● **DATA**:
--------------------

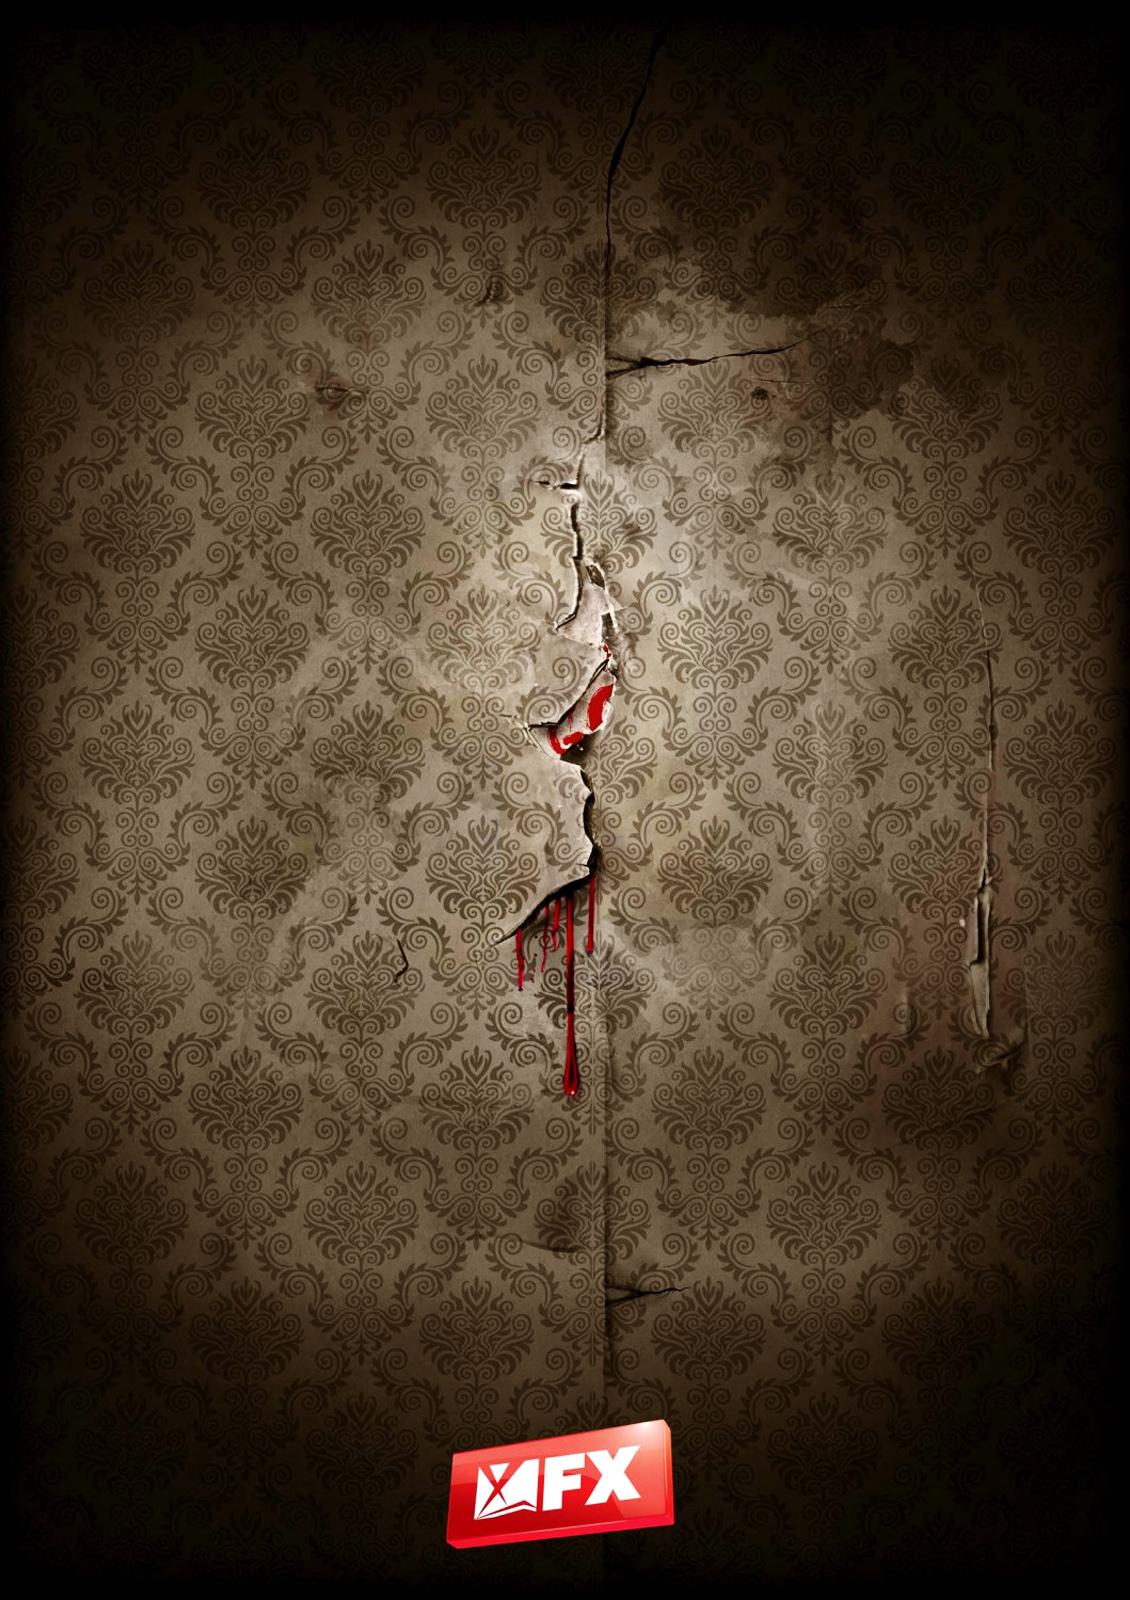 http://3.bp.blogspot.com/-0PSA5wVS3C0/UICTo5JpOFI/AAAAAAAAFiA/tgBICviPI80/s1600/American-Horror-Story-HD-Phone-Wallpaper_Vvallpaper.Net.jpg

--------------------

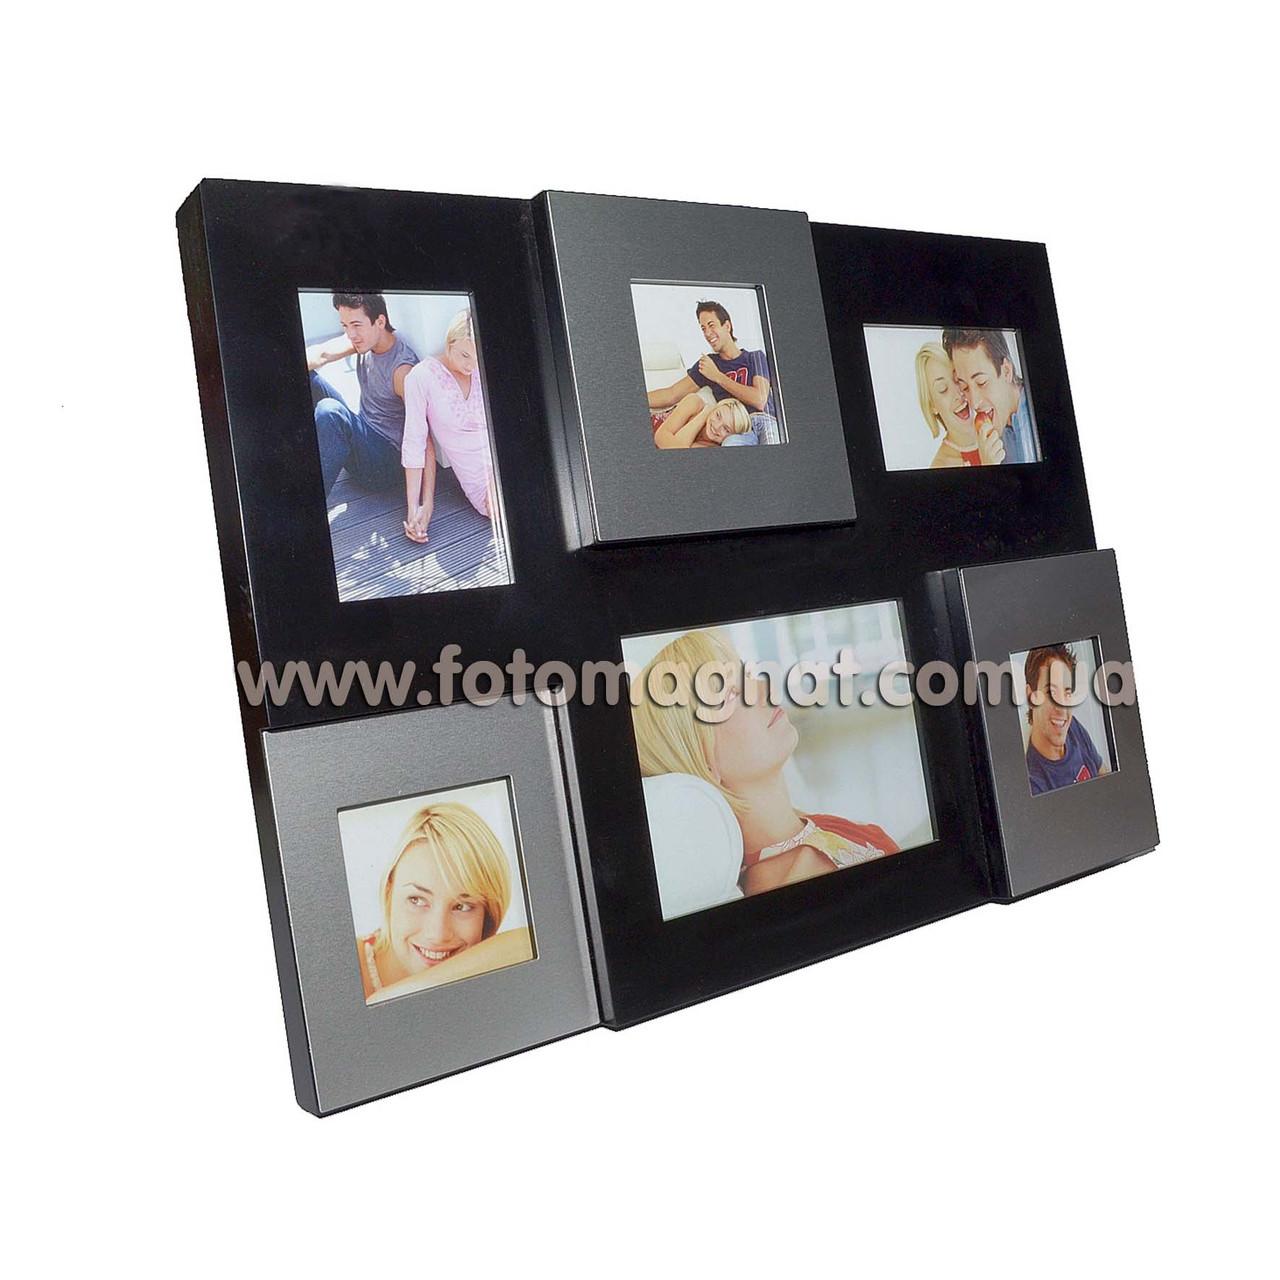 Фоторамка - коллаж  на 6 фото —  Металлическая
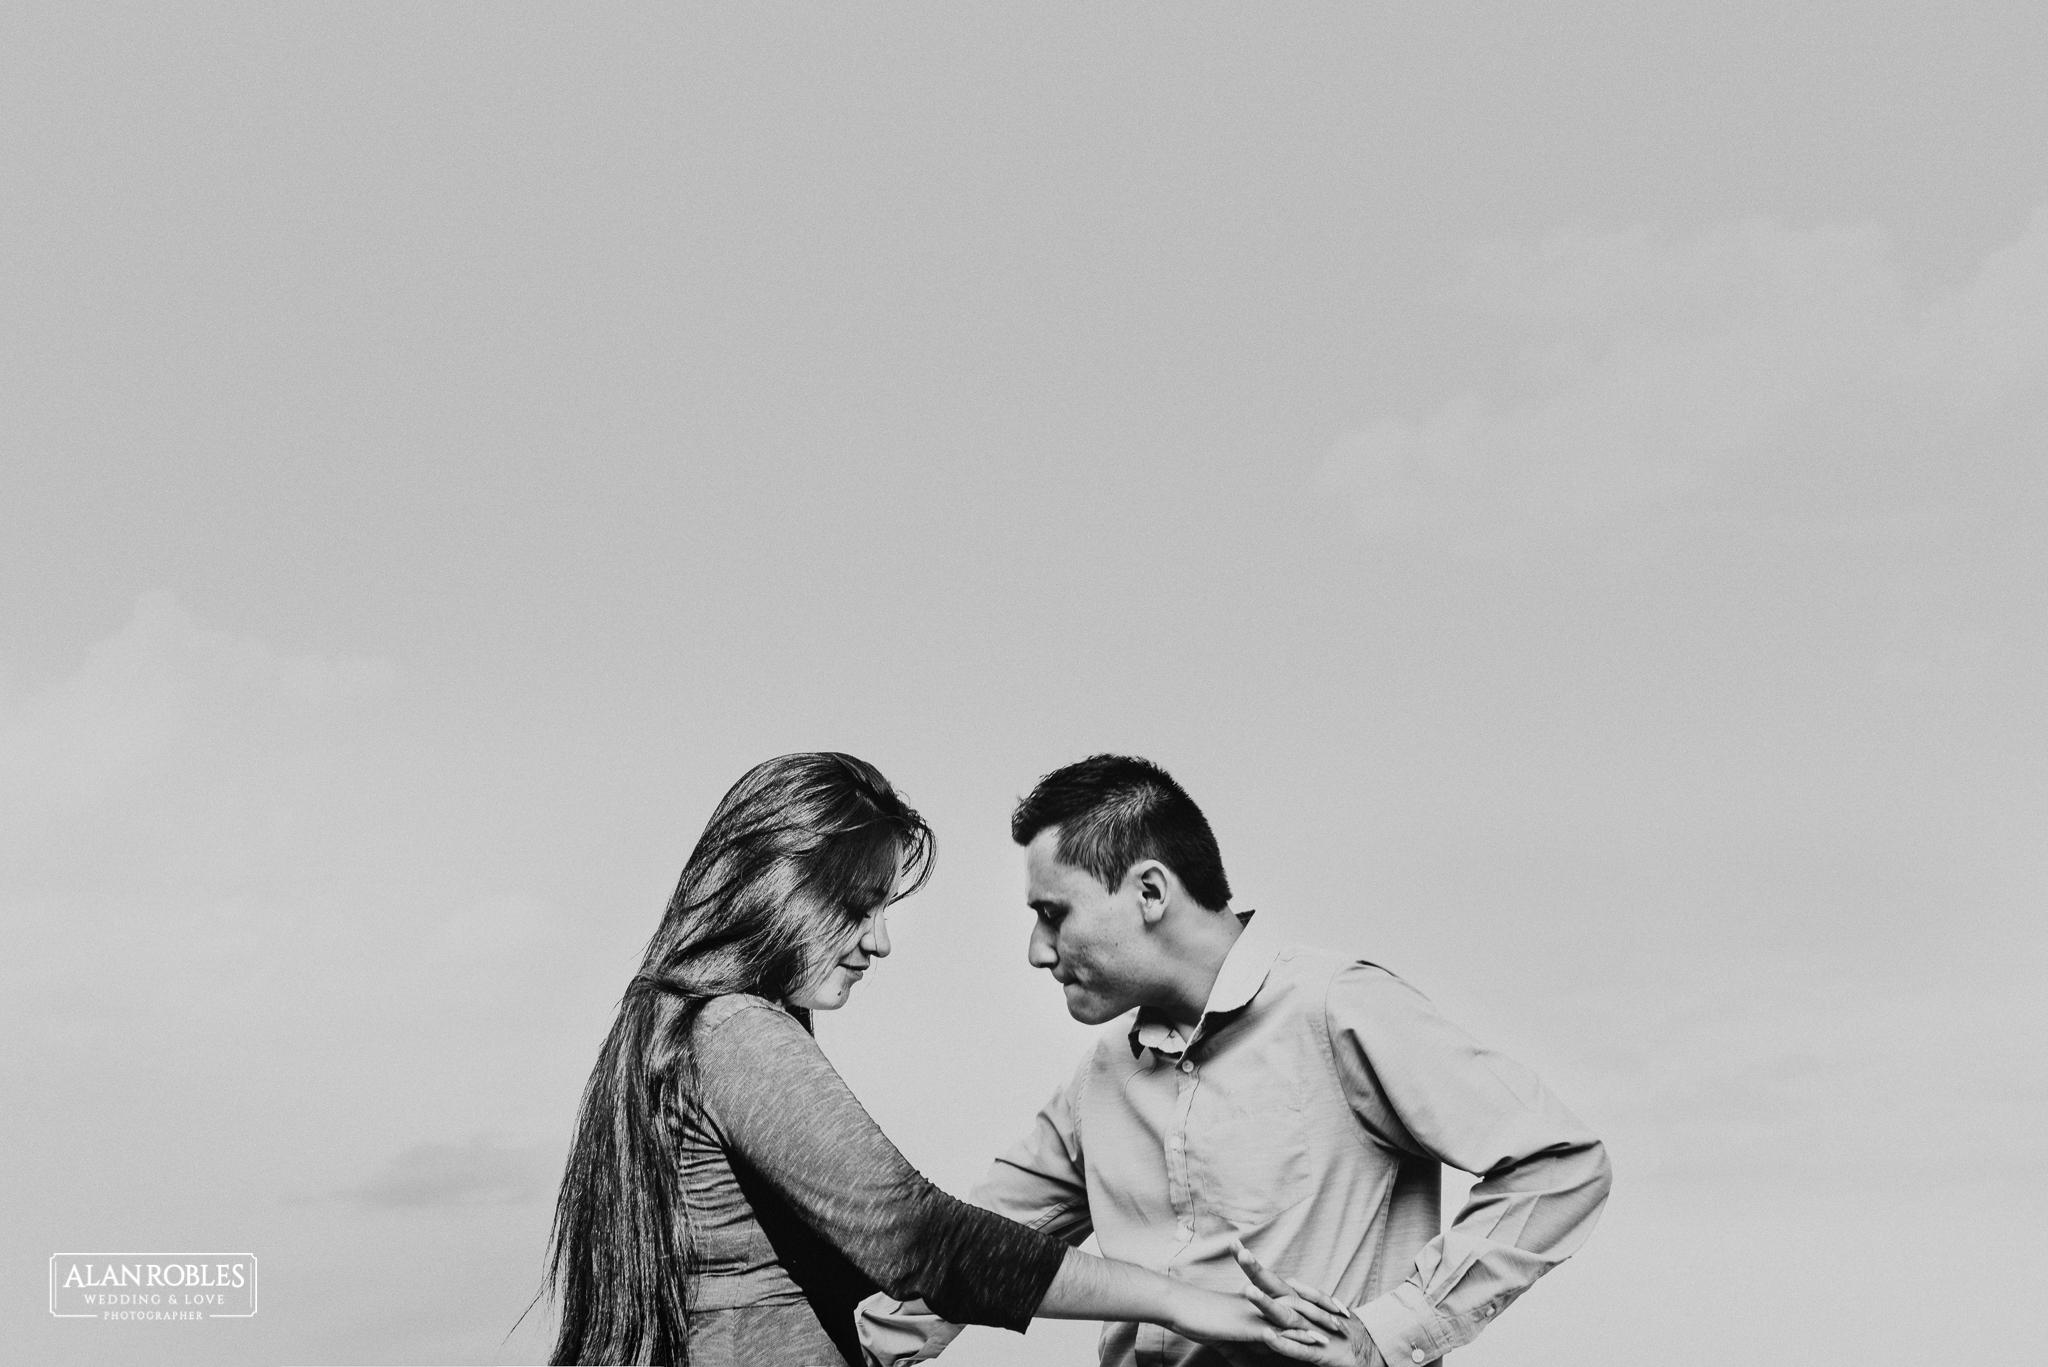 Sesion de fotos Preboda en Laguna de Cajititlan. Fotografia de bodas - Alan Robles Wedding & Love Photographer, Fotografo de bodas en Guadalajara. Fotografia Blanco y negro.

--------------------

● **DIRECTIONS FOR THIS TASK**: Above are some records. Reproduce the lines from the one with "Фоторамка - коллаж" down to the one with "Sesion de fotos", keeping both, and leave every picture out.

● **REPLY TO THE EXERCISE**:
 Фоторамка - коллаж  на 6 фото —  Металлическая
 Sesion de fotos Preboda en Laguna de Cajititlan. Fotografia de bodas - Alan Robles Wedding & Love Photographer, Fotografo de bodas en Guadalajara. Fotografia Blanco y negro.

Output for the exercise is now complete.